File formats and protocols

Certain open source tools can not read or write file-formats (flawlessly) which are perceived as “industry standard”. Microsoft’s Excel file formats are prime examples, which are only partially documented and inherently complicated. Few open source tools can read them in a meaningful manner and none can claim full or even partial flawless compatibility. The underlying issue can therefore be understood as the proprietary nature of the file format itself, which forces users into using the proprietary tools which can read and write them properly. Proprietary file formats should conceptually be treated as “not owning data” in the first place. In even more extreme ways, some SaaS solutions have reached a state where a lot of data can not be exported at all, so there is not even a file or data format to begin with, at least from a user’s perspective. If proprietary software or SaaS solutions stop working, the data is in many cases simply “lost”. The lack of open formats and the ability to export data are therefore the actual problems.

Software Security

Open source is referred to as insecure. Some say that proprietary software is better because its design (and flaws) are hidden, hence “security by obscurity”. This has been proven wrong in countless cases. Security can only be achieved by quality. This is especially true when it comes to critical software such as solutions of logging into remote systems. Custom solutions have a history of problems while more common open source solutions, reviewed by generations of developers, have rightfully gained the trust of many developers and users. The open source tool OpenSSH for instance, also know as “ssh”, secures most parts of the modern internet and therefore far more expensive things than space assets. If ssh was broken, the security of many satellites would implicitly as a result also fall apart for example. OpenSSH had its fair share of security issues, but because it is open source, many people reviewed, analyzed and fixed them so that OpenSSH is now viewed as one of the most secure products in the market. Most software security problems, at the end of the day, can be attributed to bad management and lack of education, which is solidified by the proprietary nature of projects and businesses.

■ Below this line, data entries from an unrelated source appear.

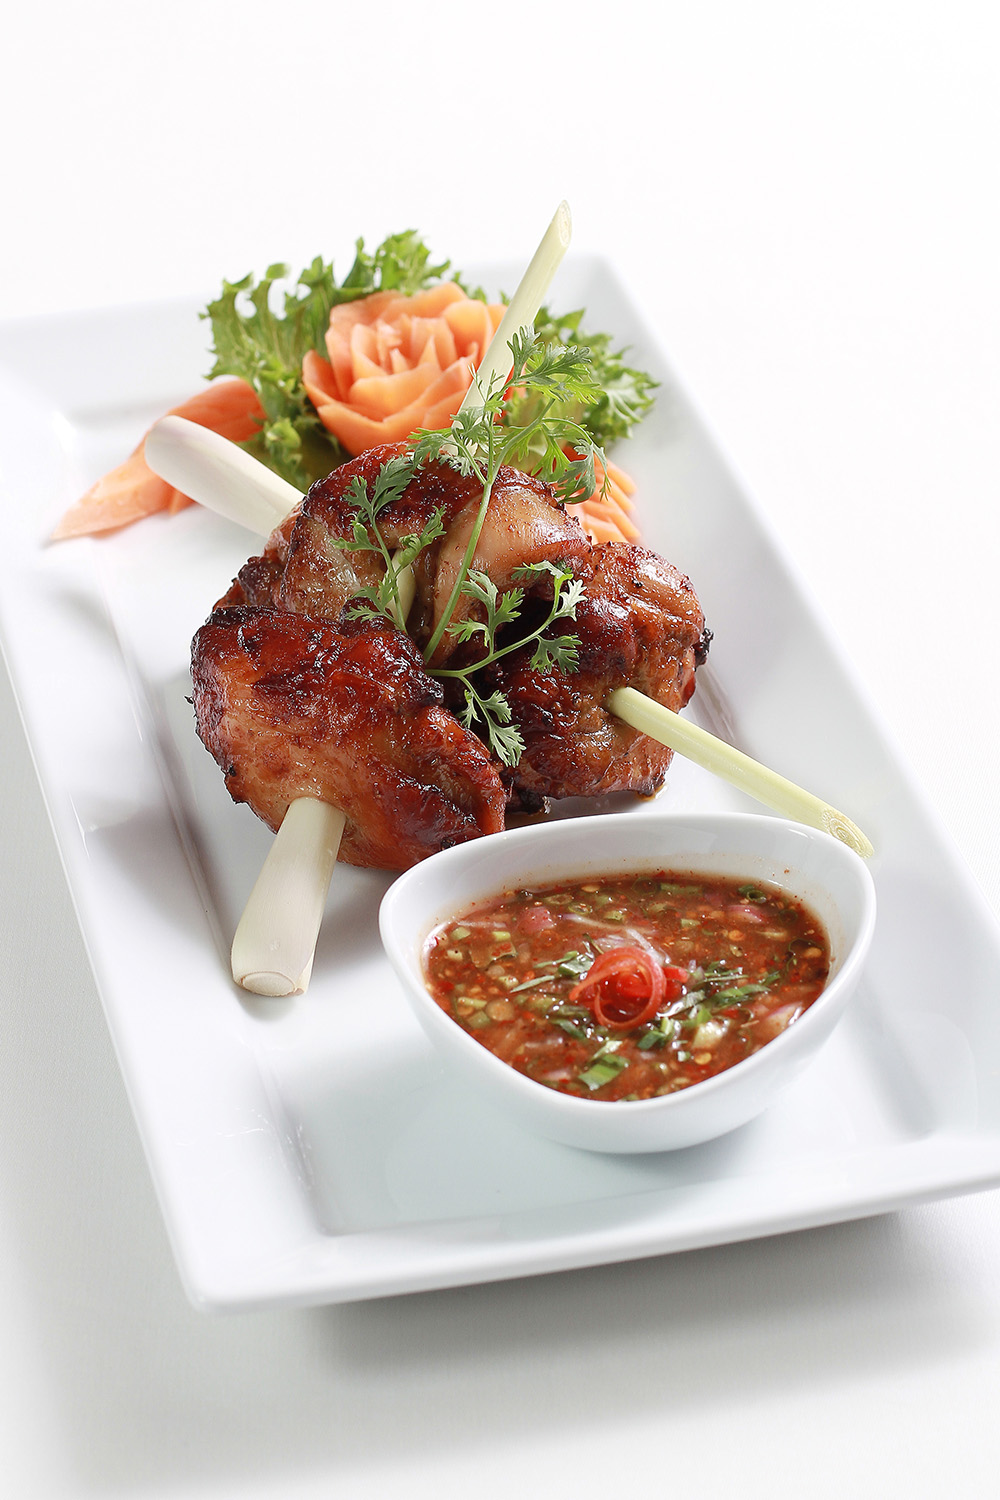 Grilled marinated chicken thigh with crunchy vegetables and spicy e-sarn sauce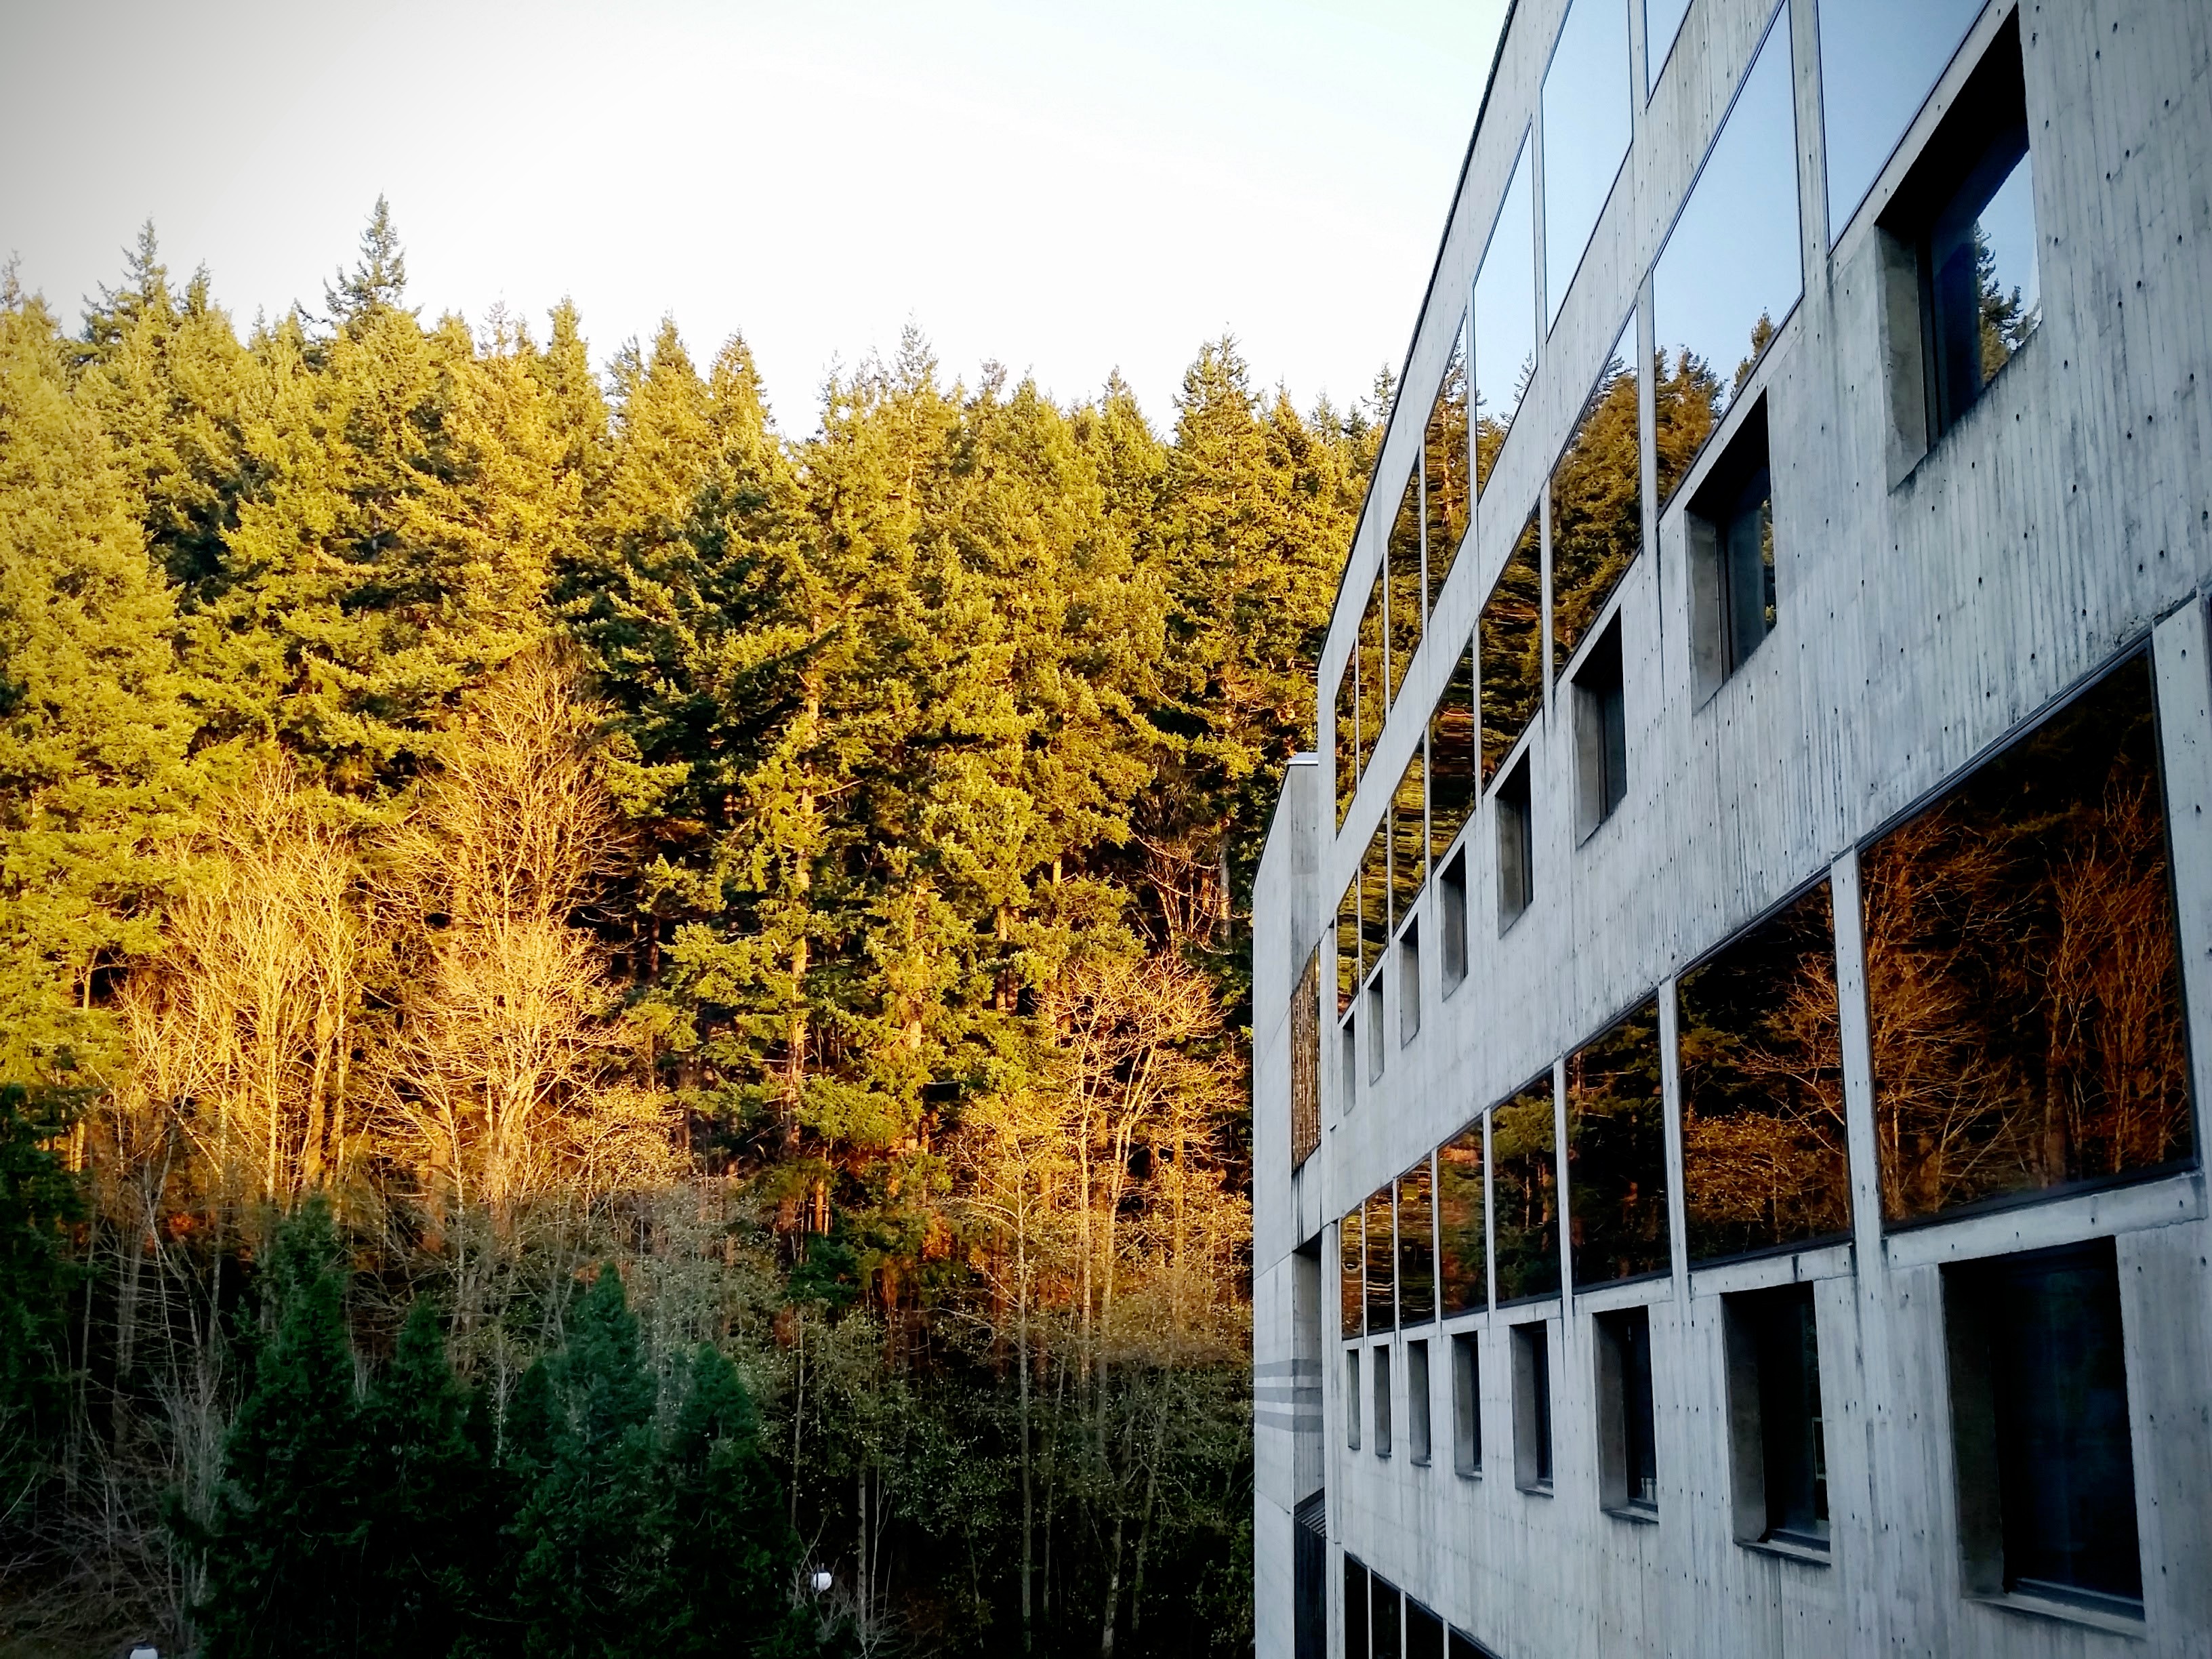 The environmental sciences building with the arboretum in the background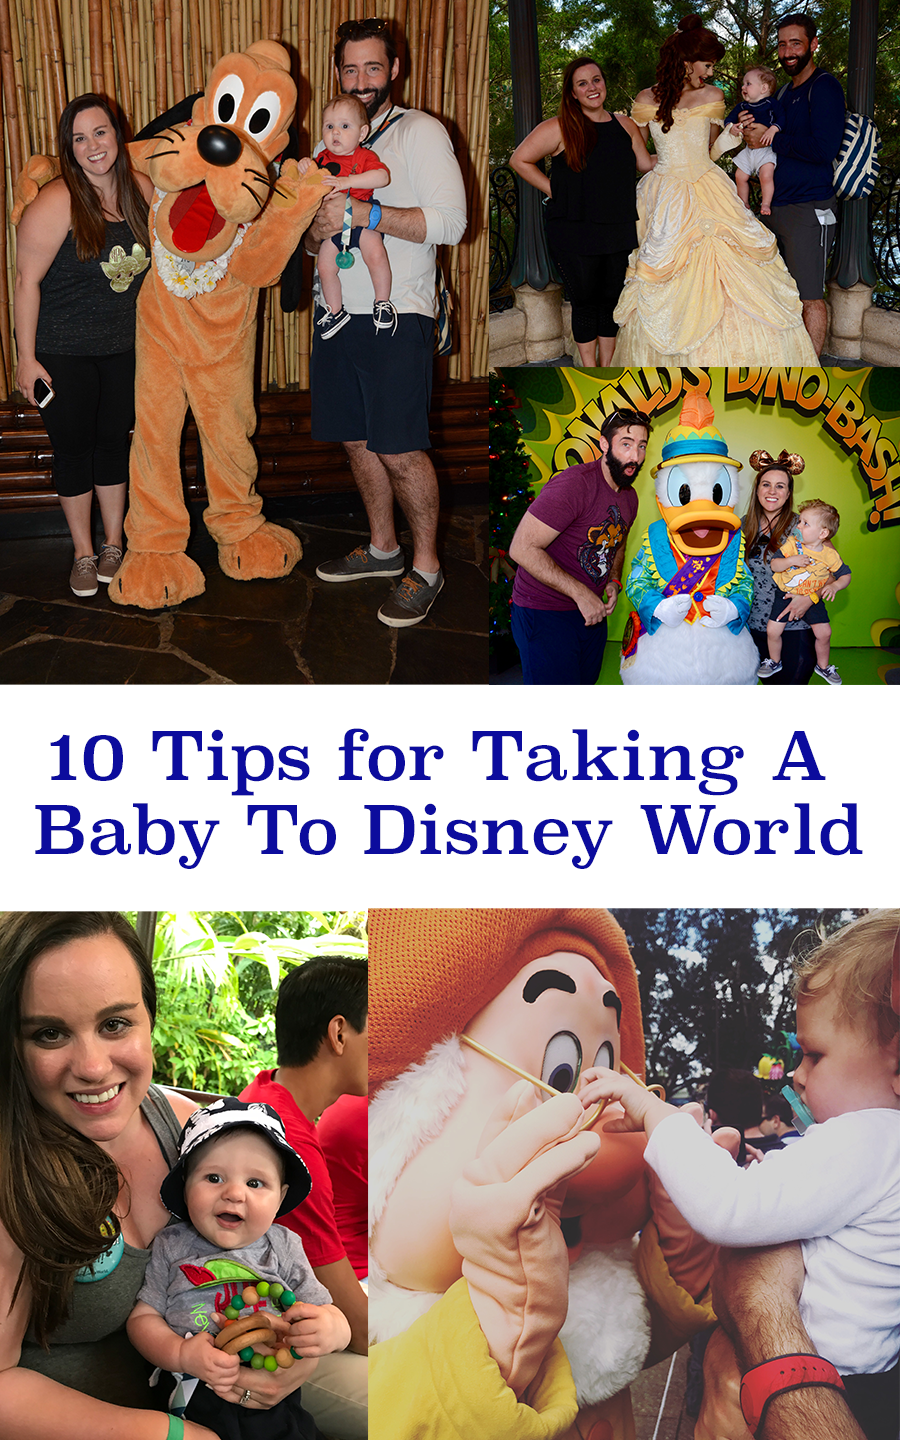 10 Tips for Taking a Baby to Disney World

There is one rightfully worrying aspect in the open source security sphere though, the security of the supply chain. The problem can be described as a combination of blind trust in third-party open source dependencies and a lack of funding for many open source projects, i.e. the misconception that open source does not cost anything. Noteworthy examples can be found in malicious open source software being distributed by open source package repositories for a number of programming languages, NPM for JavaScript for instance with its recent issues, see here and here, or PyPI for Python with its recent events, see here and here. There are also more sophisticated attacks emerging like the XZ Utils backdoor, indirectly targeting OpenSSH, which must be taken absolutely seriously but appear to be rare.

Supply chain economy

As mentioned earlier, the financial foundation and overall economic responsibilities are critical for the success of open source. The now infamous Heartbleed security bug in OpenSSL, an extremely widely used open source software library, which is estimated to have caused damages at the order of magnitude of .5 billion USD let to the start of the CII – an industry initiative which for the first time actually provided funding for the development of OpenSSL and highlighted the issue broadly. As critical as OpenSSL was (and still is), its development and more importantly maintenance was virtually unfunded. Investing in open source always implies investing into the supply chain, i.e. dependencies, if the investment is intended to be successful.

Liability

Who is liable if the licenses of open source projects explicitly excludes any form of liability? A commonly asked question. One might prefer to buy a commercial, most likely proprietary product instead. In reality, many if not most industries at least in Europe became used to perceiving “software flaws” as a form of “higher power” against which nothing can be done. “Software flaws” in proprietary products and services causing virtually global outages of office, cloud and security solutions have, despite their impressive scale, rarely let to compensation or litigation.

Cost Savings

Many proponents of open source advertise it as a means to save cost. This really is not the case as explained earlier.

Point of contact

A proprietary product is ideally accompanied by commercial support offered by its maker, at least in theory. The maker might go out of business and all knowledge and even the source code might get lost, as it has happened many times. Open source projects on the other hand usually do not have a single point of contact for support. Many larger projects have an ecosystem of developers and contributing companies who happen to also offer commercial support. For smaller projects, no such dedicated offers might exist. It is true that arranging proper support for an open source project can be challenging, but it is just a different way of thinking about cost – again. If no support is available, one must understand and support the software independently or financially incentivize a third party to start offering support. On the upside, this creates a certain form of ownership of the project and its IP.

IP and patents

The fear of patents is another commonly cited problem. Open source projects might be in violation of existing patents as many of its authors do not check for collisions with existing software or mathematical patents. However, it is entirely the same for proprietary software, though the violation of a patent might be a little harder to spot. Software patents are an ongoing subject of discussion in industry and politics, with fairly significant arguments against them regardless of the software being open source or proprietary. A big enough open source project with a big enough ecosystem of users might have a good chance at defending against legal attacks simply based upon its size. Open source projects have been found to result in prior art in a surprising number of cases, essentially voiding competing patents.

Compliance Rules

Publicly traded companies, companies planning to become publicly traded or critical suppliers of publicly traded companies have a tendency to be subject to compliance rules of ever increasing complexity – though compliance rules also extend to other types of organizations. While compliance rules are not a bad idea fundamentally, they have lately fostered herd dynamics, especially when it comes to IT and IT security. At the same time, IT administrators, once academically educated, well versed people, have gradually been substituted by people with limited professional training in common “best” practices, usually proprietary in nature, and virtually no academic background. This combination of a lack of education, a lack of critical thinking and a stiff set of compliance rules has really put the breaks onto any chance of actual innovation or change in aforementioned companies and organizations. Open source is not understood at all in this context and there is not even the willingness to understand it by the very people responsible for IT. On a management level, technical knowledge is equally in decline, resulting a lack of opposition to what IT departments are doing or not doing.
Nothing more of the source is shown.